KÁRAHNJÚKAR: Colder Than Portugal and a Long Way From China

Published February 11, 2005

KÁRAHNJÚKAR: Colder Than Portugal and a Long Way From China

One Fatality So Far
One important issue revolves around safety issues in general and training qualifications of foreigners working at the site. All workers at power plant sites must work to a standard agreement, part of which states that the workers must have qualifications approved by the Icelandic authorities. Impregilo is unwilling to comply with these rules, instead saying that most of their overseas workers are highly experienced and that long experience makes up for lack of formal qualifications.
And there was a fatal accident at Kárahnjúkar last March.

Sleeping Rough
Accommodation provided by Impregilo for its workers was substandard for a long time. Two people shared a small room, there was no communal area, and the cafeteria was too small, both as far as kitchen staff and Kárahnjúkar workers were concerned. Conditions have now improved, but some of the new buildings are still prone to frost and leakage. Even the new dining area, which was heralded at the time as a vast improvement, was criticized at a recent site visit by Impregilo executives from Italy.
While it was still in the planning stage, in a time of increasing unemployment, the authorities promised that dam construction would provide jobs for Icelanders. And, although Impregilo said they would employ some of their previous employees who had experience of working on dam sites, the Icelandic government promised the Confederation of Icelandic Labour that the ratio of Icelanders to foreigners would be approximately 80:20.

A Long Way from China…
This, however, is not the case. Impregilo itself now employs only about 100 Icelanders out of 1100 employees. Impregilo says that Icelanders do not want to work there and the turnover is very high, but one reason for this could be that much higher salaries are paid for similar work elsewhere. Other European workers do not stay long either, so Impregilo are now resorting to bringing in workers from outside the EU, primarily China, much to the anger of the Icelandic trade union movement. Because they receive a much higher salary than they would do back in China, and because they would have to pay the prohibitive cost of a flight back to China themselves if they decided to leave before the end of the 5.5 month contract, Chinese workers are more likely to stay.

…And Somewhat Colder than Portugal
Approximately 150 Portuguese employees also work on the site, recruited through an employment agency in Portugal subcontracted by Impregilo.

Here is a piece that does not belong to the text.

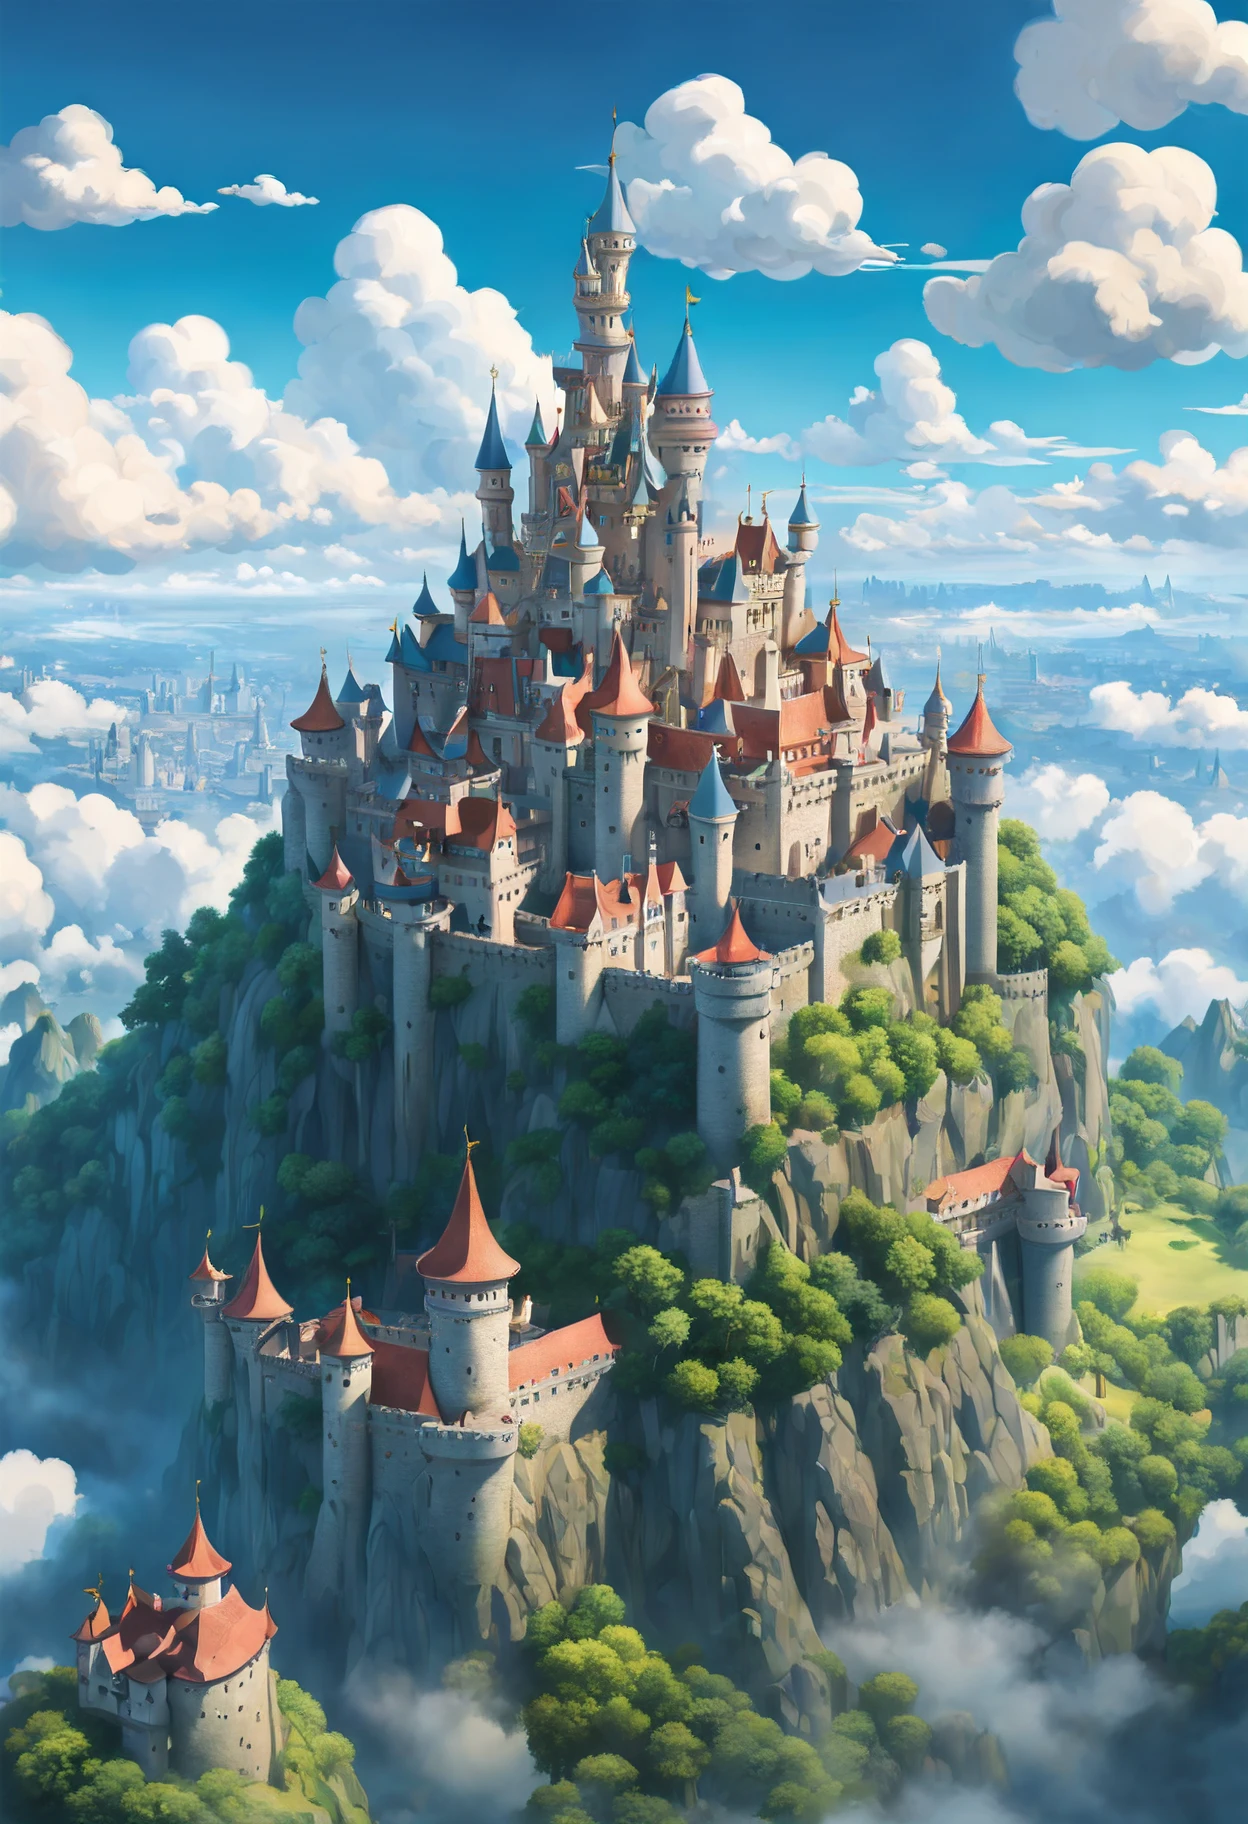 Eine Fusion des Kunststils von Hayao Miyazaki und Studio Ghibli, [Schloss|Himmel Festung], schwebend zwischen den Wolken, herrliche Aussicht auf eine (animiertes Königreich im Himmel:1.5), gesehen durch die Linse eines (Drohne:1.2), eingefangen in lebendigen, Panorama 8K, mit skurrilen Farben bemalt, set in a (sonniger Nachmittag), featuring meticulous details of the Schloss architecture, die Essenz eines traumhaften Kunst- und mdjrny-v4-Stils einfangen, nostalgische Beleuchtung mit Vintage-Charme, hervorgehoben durch ein [(Steven Spielberg:1.2) inspirierte filmische Magie], aufwendige Details, die an den Stil von Claude Monet und Vincent van Gogh erinnern, ein Märchen wird lebendig in einem (Teleobjektiv) Schuss

These employees at one point were stuffing newspaper in their shoes because they had not been provided with adequate footwear. Allegations are now afoot that the Portuguese receive lower wages, as Impregilo has not been deducting the full amount of tax from their salaries because the Portuguese have to pay tax back in Portugal.
Landsvirkjun has also contracted out some of the work to a few other Icelandic companies, one of which, Arnarfell, employs virtually only Icelanders while Fossverk employs 20 foreigners out of a total staff of 110. Neither Arnarfell nor Fossverk have difficulty recruiting and keeping workers, which perhaps says something about Impregilo.